Cloud computing promises cost savings, increased flexibility and improved remote access to resources, but these advantages come at a cost, a researcher warned at the Black Hat Briefings security conference.

Data and application owners can lose control over their resources, the perimeter protecting them, and the access controls that allow their use, said Alex Stamos of iSEC Partners. Owners also can lose important legal protection by turning data over to a third-party host, he added.

Cloud computing is one of the big new things in computing. But the technology, the rules governing it and even the language describing it are not mature, Stamos said.

"The term 'cloud computing' is useless at this point," he said. It does not mean virtualization or remote backup. "Most stuff called cloud computing isn't. It is more of a marketing term now."

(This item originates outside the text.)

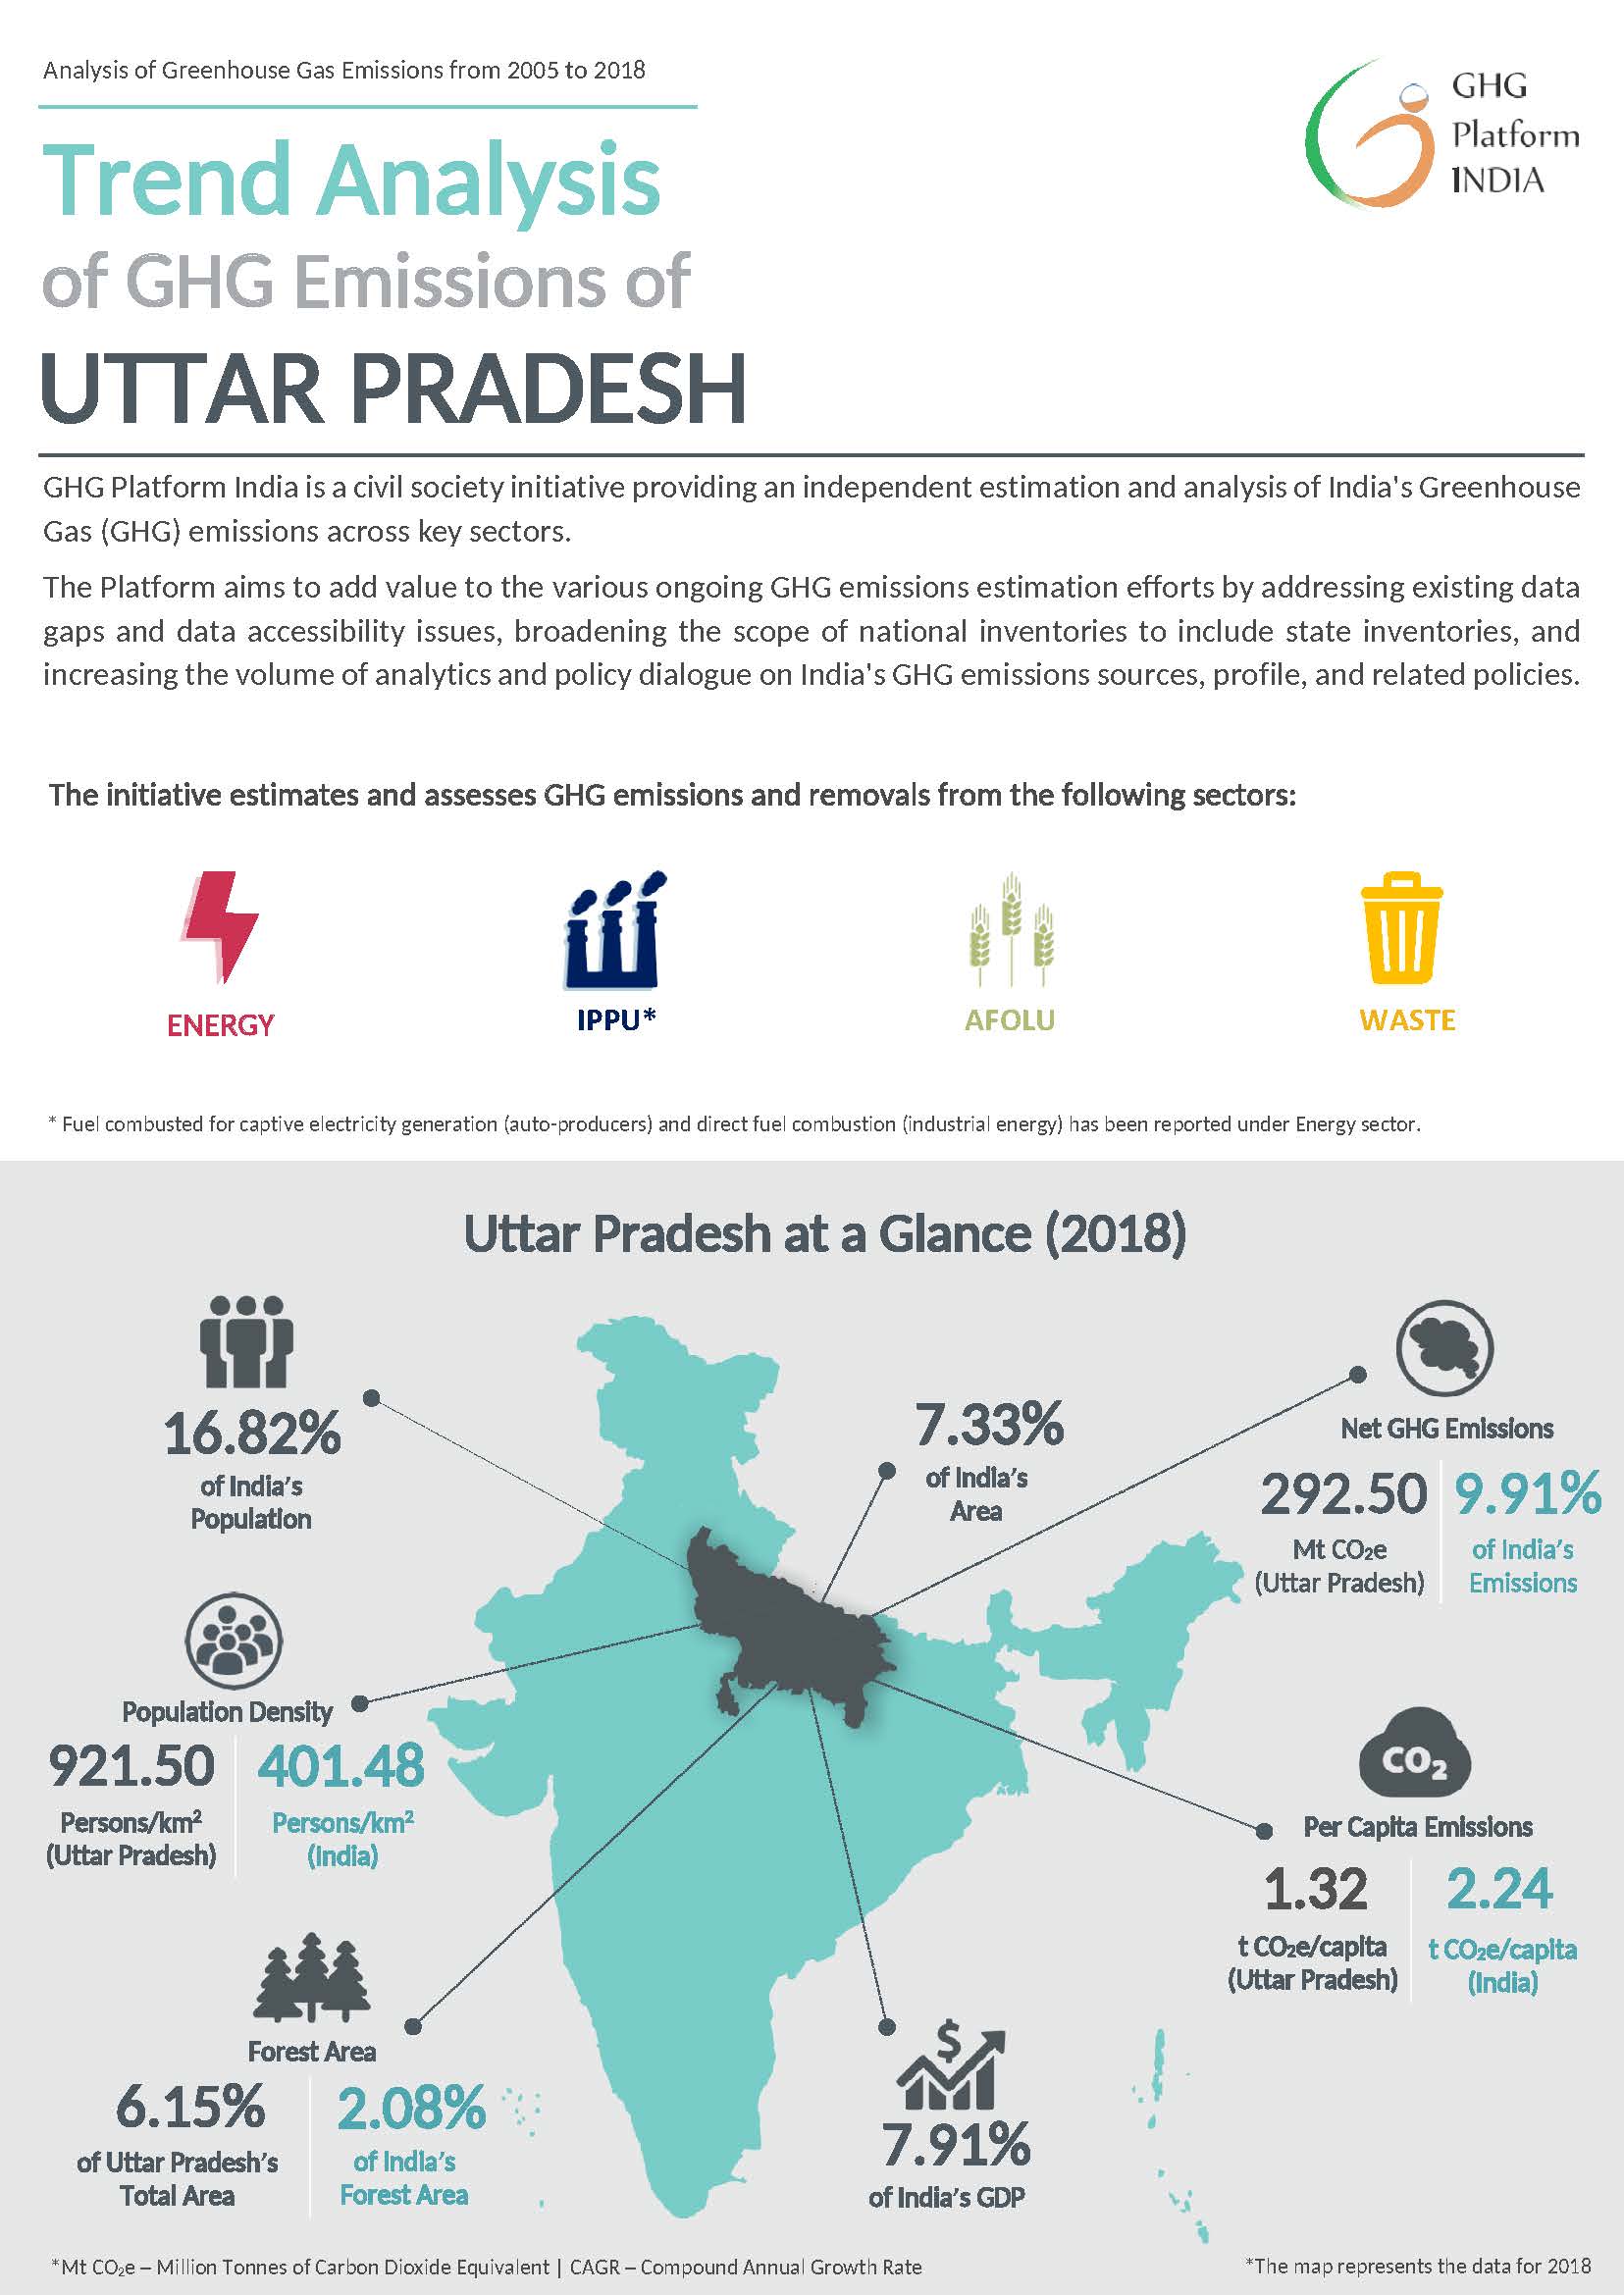 GHGPI_Trend Analysis_2005 to 2018_Uttar Pradesh_Sept'22

He defined cloud computing as distributed, general-purpose hosts holding applications and distributed data storage, with software tying it together to enable it all to move smoothly and reliably from one system to another.

Stamos predicted a cloud bubble burst as users discover that it does not necessarily provide all of the ease of use and returns being promised.

Although perimeter security is now recognized as inadequate IT protection by itself, its loss is a threat, Stamos said. "Making something a little harder" for hackers "has value."

Focusing on Software as a Service (SaaS), one element of cloud computing, he said most providers do not have the audit logs needed to recover from a serious breach. Access controls can be reclaimed to a degree by using a single sign-on scheme that returns control of policies and enforcement to the user, but this also eliminates some of the advantages of cloud computing.

One area often not considered in cloud computing is the possible exposure to legal liability. Most agreements with service providers relieve the host of any liability, but they also prohibit malicious traffic, which can prevent a data owner from conducting penetration testing of the systems holding the data.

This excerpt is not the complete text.